I implemented a small function where you could list the tables that you were working with, and it would create empty temporary tables with the same name in a namespace that takes precedence over the normal namespace in postgres' search_path, therefore giving you a blank slate to work with for the unit test, while the other tables were still populated with useful data. (Some of these data come from expensive infrastructure scanning jobs, so starting from an entirely empty database was not an option.)
Just curious - not sure if you were using Ruby like the parent above. I literally just built a library to back ActiveRecord models with temporary tables. It's very useful since you can use AR scopes off of your temporary table then (I had to do this instead of using CTE's because my DB currently doesn't support CTE's)
Just thought I'd share it in case it helps, or to hear if anyone else has a better approach to this. (warning: it's very experimental and not production tested yet). I couldn't find any other gem that would do this.

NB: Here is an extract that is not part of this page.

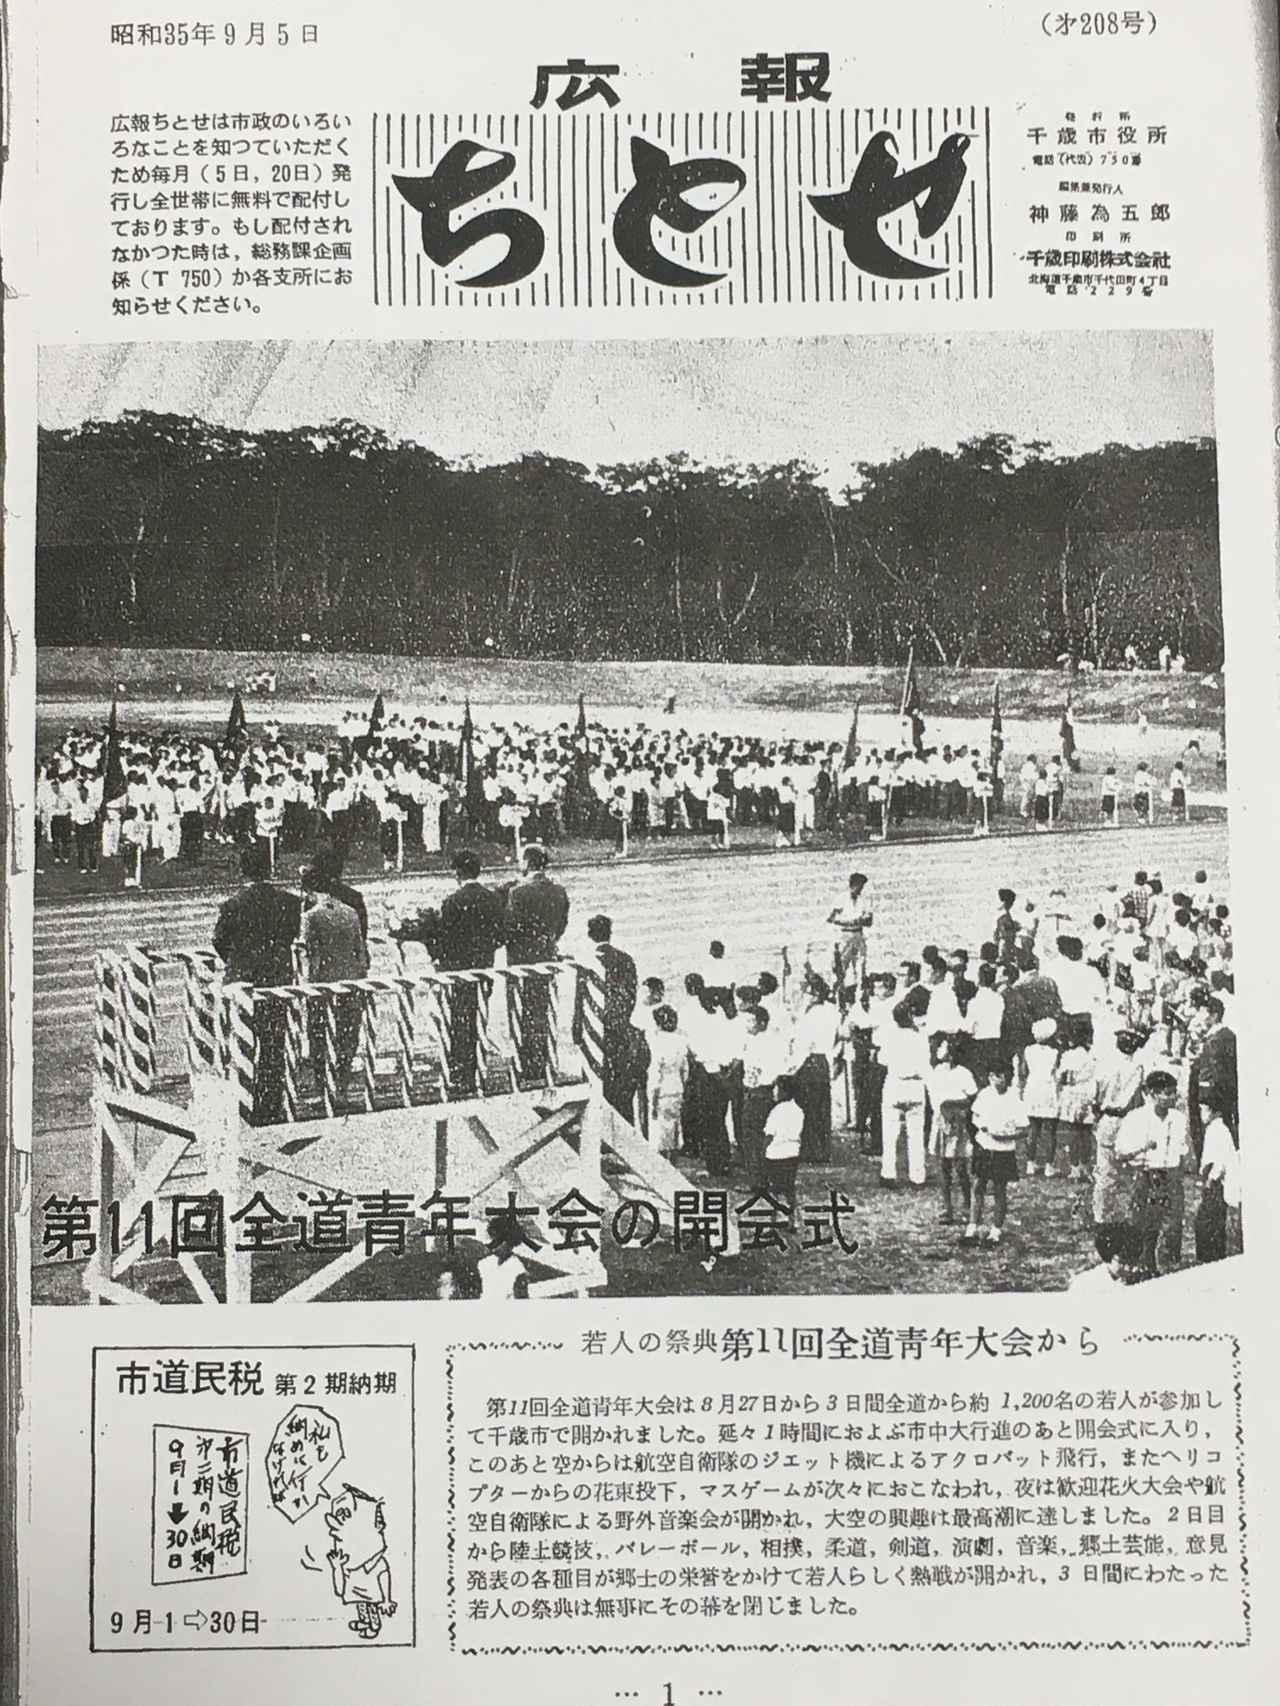 画像: 『広報ちとせ』1960年9月5日号の表紙には全道青年大会の開会式に多数の参加選手が並んでいるのが見える。この上空をブルーがアクロ展示したことになる。

How did you resist the temptation to call it temptation?
Although I think temptable is almost the opposite of contemptible, therefore also good going in the pun department.
My code is all Ruby, and I ended up pushing all the work into SQL and just eventually selecting with find_by_sql into existing models for the results. There is possibly concurrent invocation vs updates and a race against itself, so it's also all wrapped with a serializable transaction and starts with a mutex lock on the controlling model.

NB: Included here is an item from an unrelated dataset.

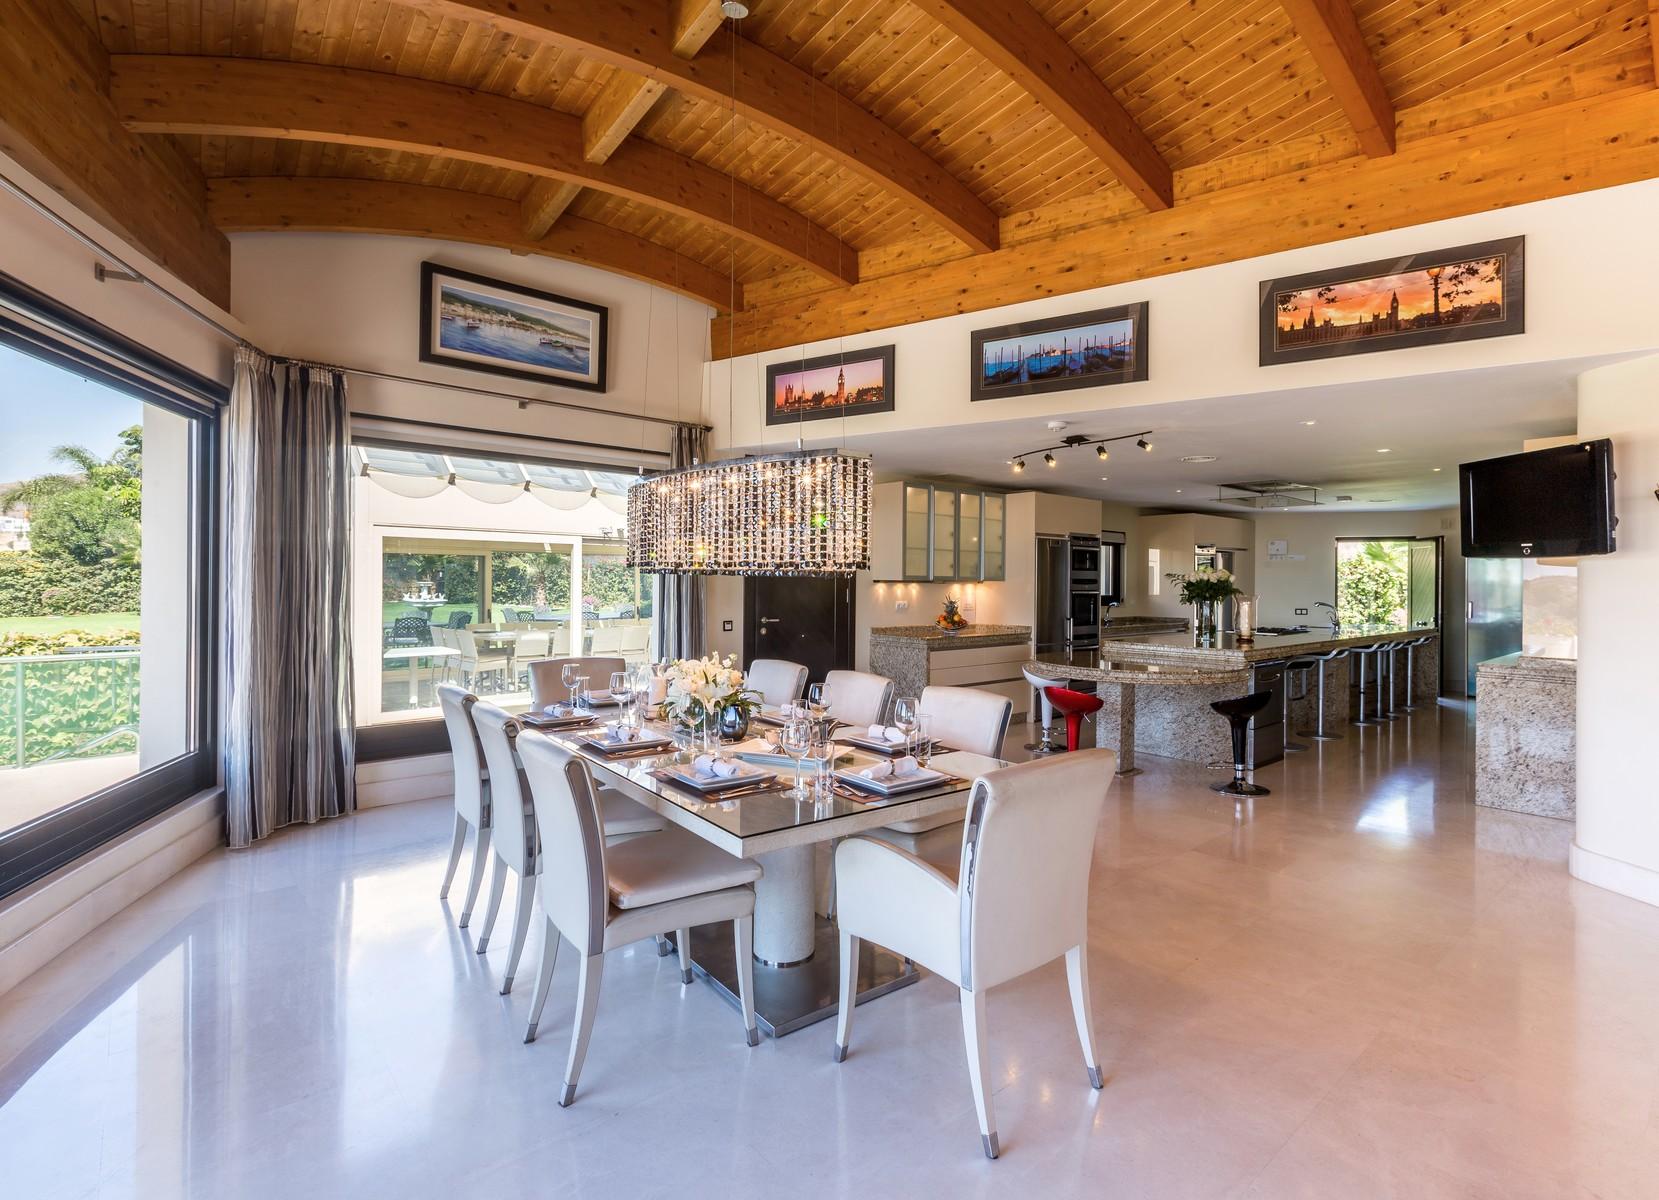 14-villa-el-cano-dining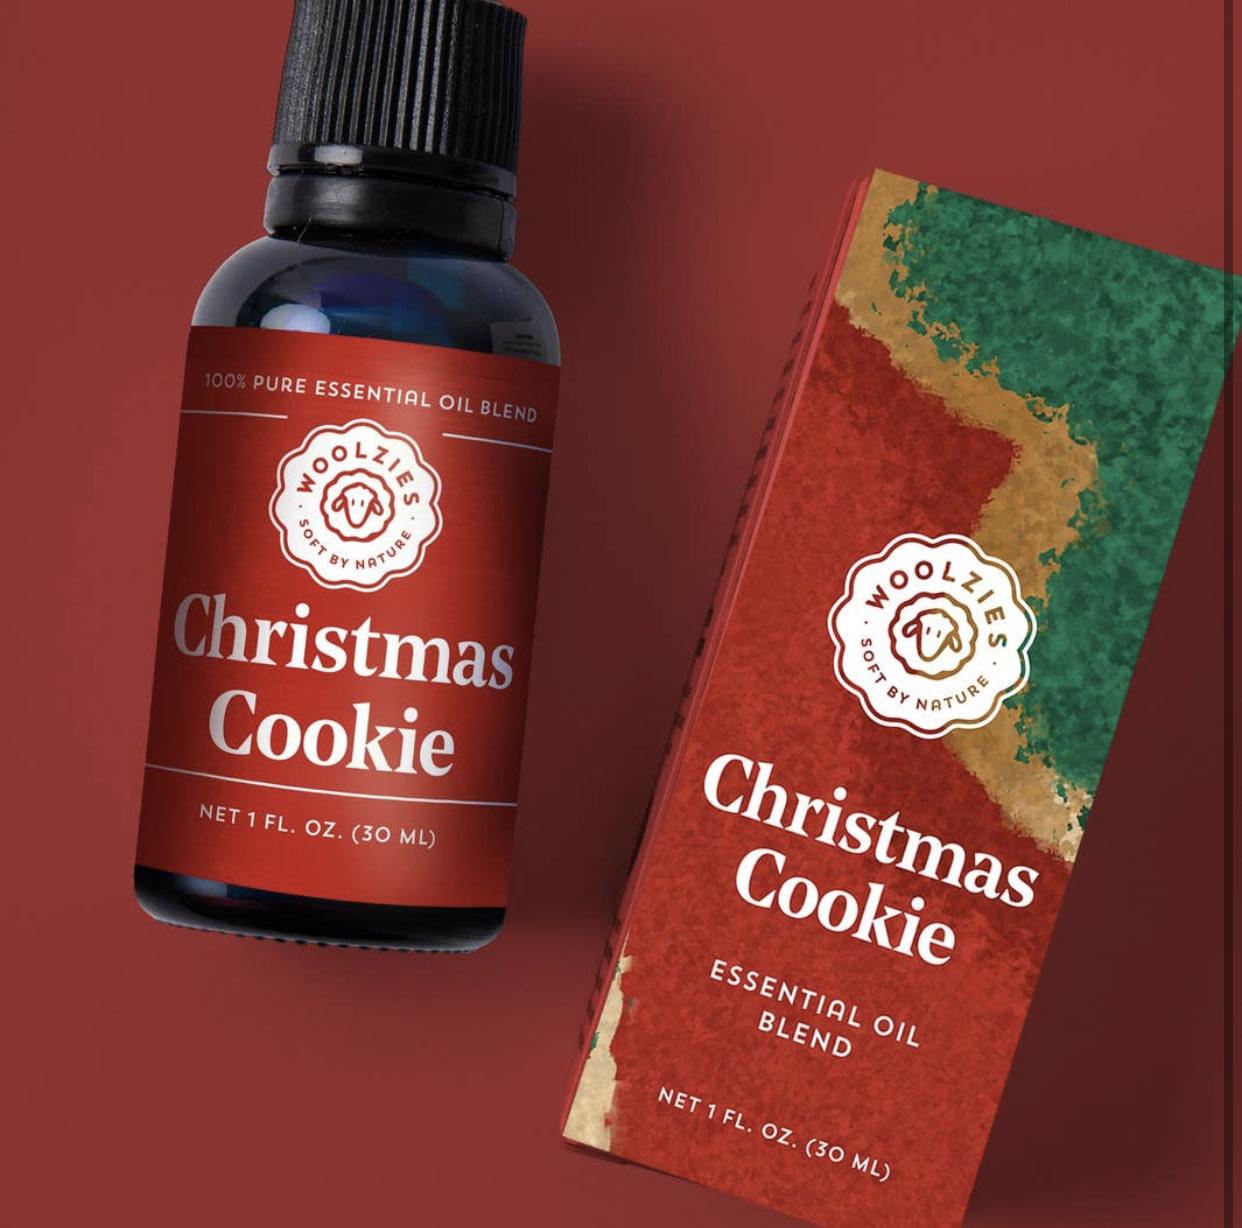 Woolzies Christmas Cookie

Hah! I was sitting around trying to think of a clever name, but then I got tired of sitting around and just went with temptable. Had I thought of temptation I would have gone with that.

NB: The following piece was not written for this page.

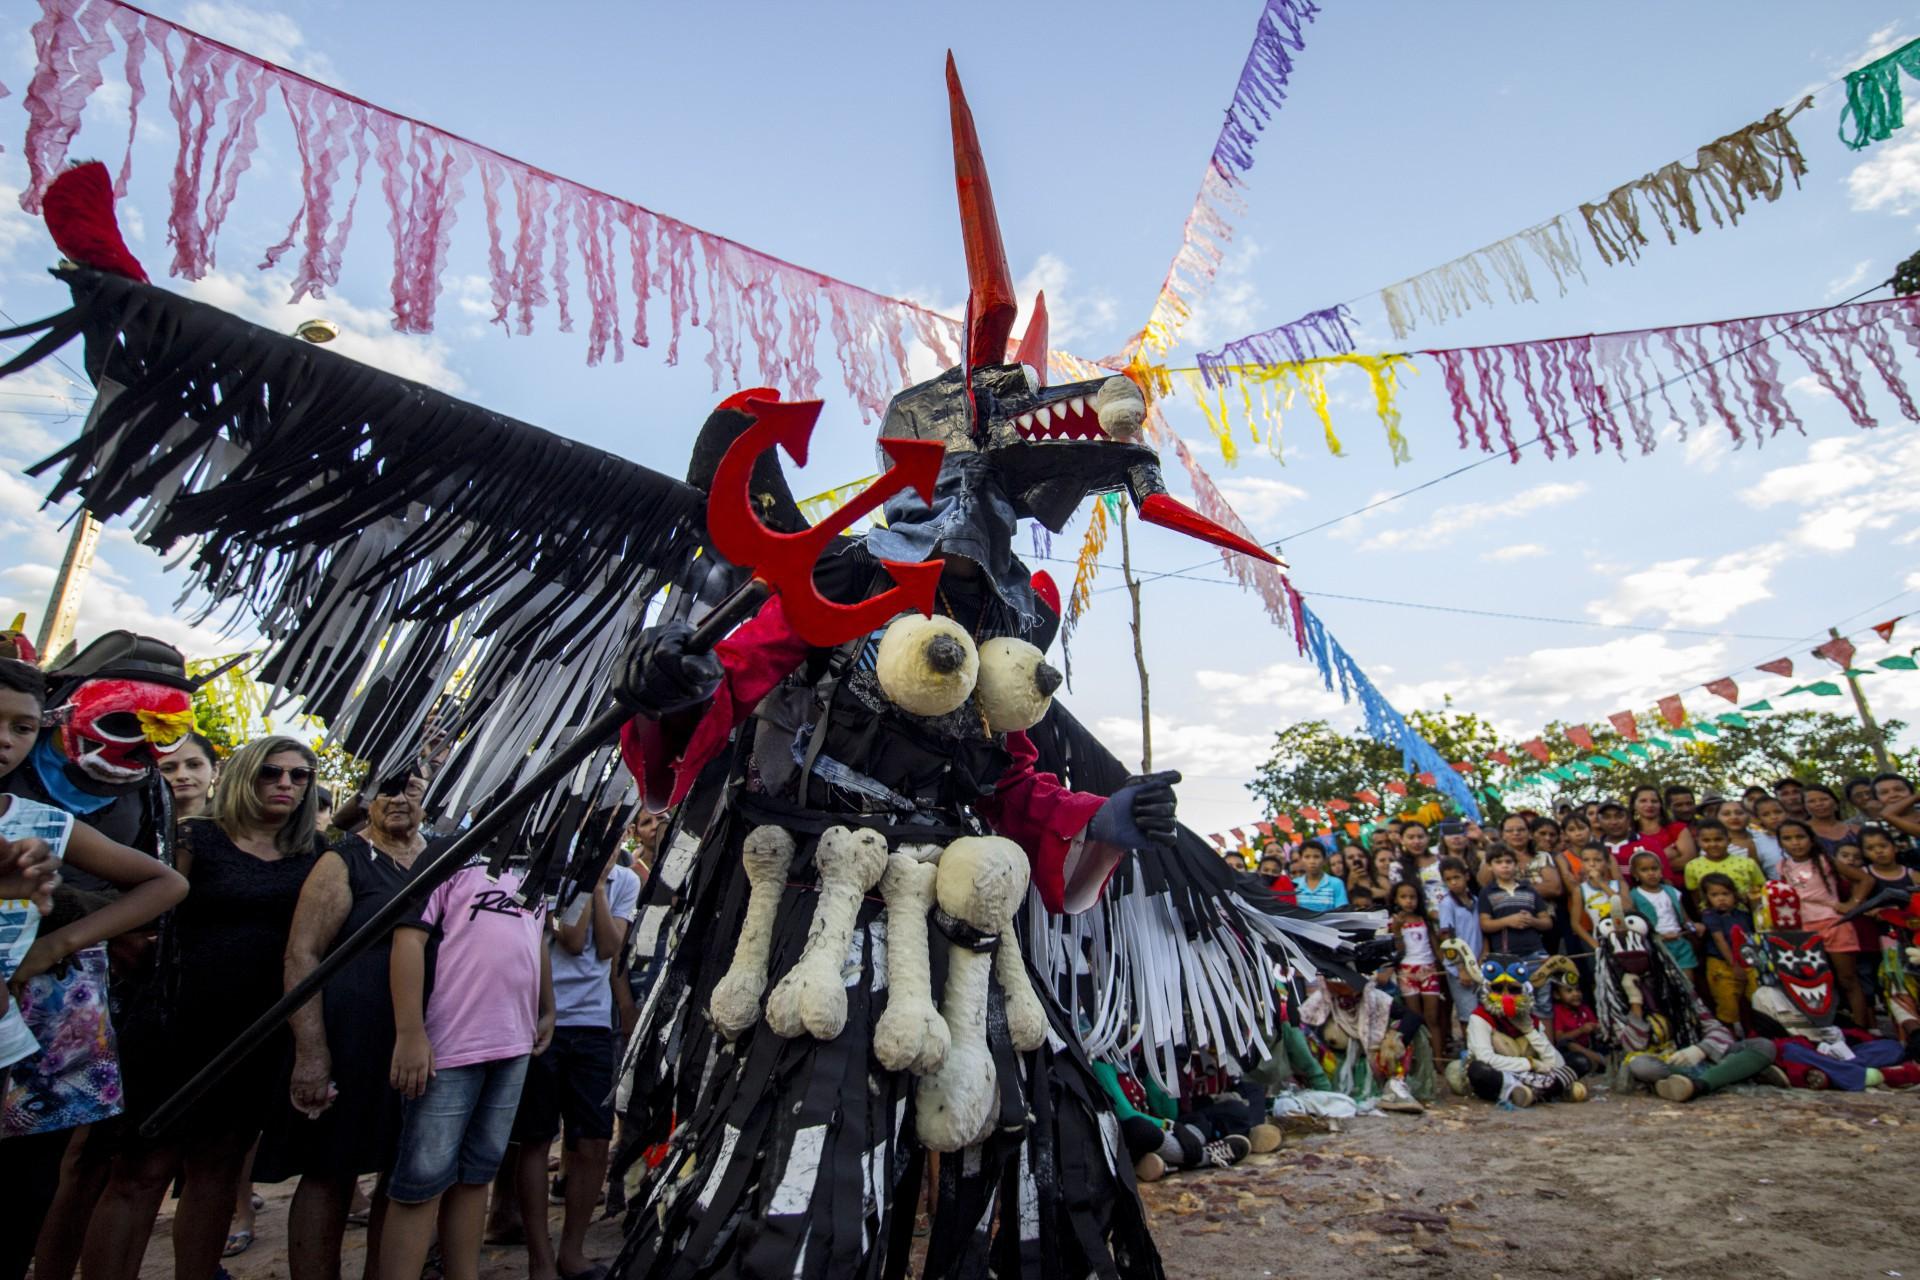 Festival de Caretas do Sítio Taquari em Barbalha, no Ceará

The approach I went with works really well for cases when you want to persist the temporary table through the end of the request (it works good for master/index type views that may have a lot of sums/counts and filter options available on it).
One shower idea that I had is the concept of a clojure version that instead of compiling to JVM bytecode, javascript or CLR, compiled to postgreSQL. I think that would be awesome: you could just run the same functions, seamlessly, from the database, through the web server, to the browser. And, whilst of course you need to know about the limitations of the database, it could be great for pushing code to the database seamlessly.
Unfortunately I don't think I have the skills for that, so posting here in the hopes that someone that can likes the idea :)
This is kind of what LINQ does. You write a query in C#. The structure of the query (like an abstract syntax tree) can be exposed to the query provider which can interpret it or compile it to the CLR or compile it to SQL or whatever.
A sufficiently advanced LINQ (http://wiki.c2.com/?SufficientlySmartCompiler) would do wonders in some cases, but I haven't encountered it. AFAIK, LINQ to SQL only knows about joins and some aggregate functions.
One thing that makes improving it cumbersome is that the semantics of many operations are slightly different in the database than in C#. For example, SQL Server doesn't do NaNs and infinities, supports a zillion string string collations, and its date types may not 100% map to C# ones.
Also, databases may run stored procedures faster than the SQL that LINQ genrerates on the fly because they can cache their query plans (most databases will detect that an on-the-fly query is equal to one run recently, though, so this may be somewhat of a moot argument)
At work we've got a LINQ query that gets passed around a few functions, eventually getting into a core of 60 lines of LINQ logic. Colleague verified that chaining selects produces different output, but gets ran at the same speed (Chain selects in order to somewhat declare variables, Select(x => new { x, y = <query-x> }) then you can Select(xy => new { use xy.y multplie times }))
Sometimes I think I should just be using sql.. (which we do on other projects)
Yeah, I've been pretty happy without ORM in node.js, I even wrote a semi-nice wrapper so I could turn template strings into parameterized queries. Made writing a bunch of migration scripts a cakewalk.
Sometimes it's really just easier to write SQL directly.
I'm not too familiar with ZODB, but it looks like it tries to impose OO on a database, while in reality relational model works best with data, so making programing language able to interact with data that way would be better. I think something like JOOQ[1] is close to that.
In order to get good performance you want to minimize number of back and forth requests over network. So instead of making a request to obtain list of items, and then fetching each of the item one by one (so called N+1 select issue) you will get a better performance if you make the database send only the data you want, nothing more, nothing less.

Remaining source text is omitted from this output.